In the view we have taken, the contention in this behalf by the appellant's counsel does not hold good.
26. The learned Standing Counsel for the Central Government has raised an objection with regard to the maintainability of the writ petition on the ground that there was an alternative remedy by way of first appeal and second appeal as per the provisions laid down in the Import Trade Control Hand Book of Rules and Procedure, 1970. Chapter 12 thereof deals with the provisions for appeals. Under para 254 (1) first appeals in regard to the applications dealt with in the Import Trade Control Office, Visakhapatnam, will be with the Joint Chief Controller of Import and Exports at Madras. Under sub - para. (2) of para. 254, the first appeal against the decision of a licensing authority in respect of an application made under the policy for registered exporters, will lie with the head of the office in which the application was dealt with. Para. 255, which makes a provision for second appeal, is as under:-
'255. Second appeal - (1) If the appellant is not satisfied with the decision of the appellate authority as indicted in paragraph 254 above, he may make a second appeal to the Chief Controller of Imports and Exports, New Delhi.'
Sri Ramachandra Rao, learned Counsel for the appellant, submits, that any appeal to the same authority which has rejected the application, is of no use inasmuch s the authority has already concluded by rejecting the same. In view of the circumstances of the case, when the licensing authority had, at one stage, referred the matter to the second appellate authority for the purpose of ascertainment as to whether licence for the import of H.R.S. for the manufacture of automobile parts should be issued or not, invoking the jurisdiction of either the first appellate authority or the second appellate authority would not have served any purpose. Therefore, the objection raised by the learned Standing Counsel for the Central Government has no foundation. We are inclined to agree with the contention of the learned Counsel for the appellant.

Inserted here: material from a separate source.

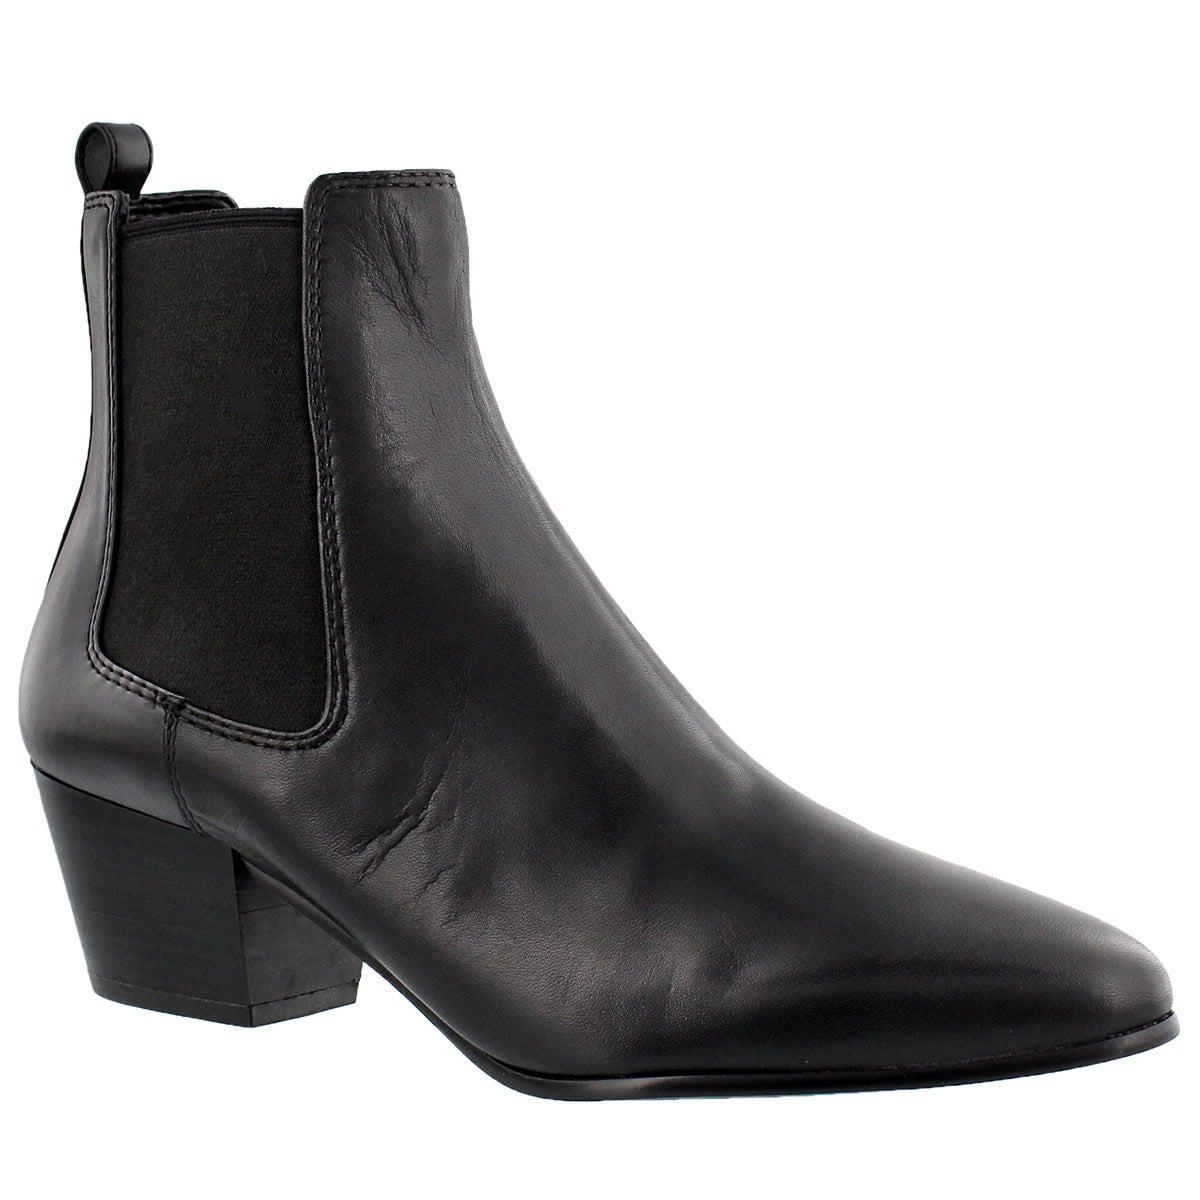 Lds Reesa black leather slip on bootie

27. In conclusion, we observe that the vital allegation made by the appellant that fair deal has not been given to it with regard to the non - issuance of licence for the import of H.R.S. read in the pragmatic light of the counter averments of the respondents and understood realistically, cannot make the contentions of the Counsel for the appellant, credible. The impugned order is wholly justified in the circumstances of the case and in the broader aspect of economic goal as well as in the large interest of the public which should be of paramount important in the matter of dealing with the cases of such a nature.
28. In the result, the writ appeals are dismissed. There will, however, be no order as to costs.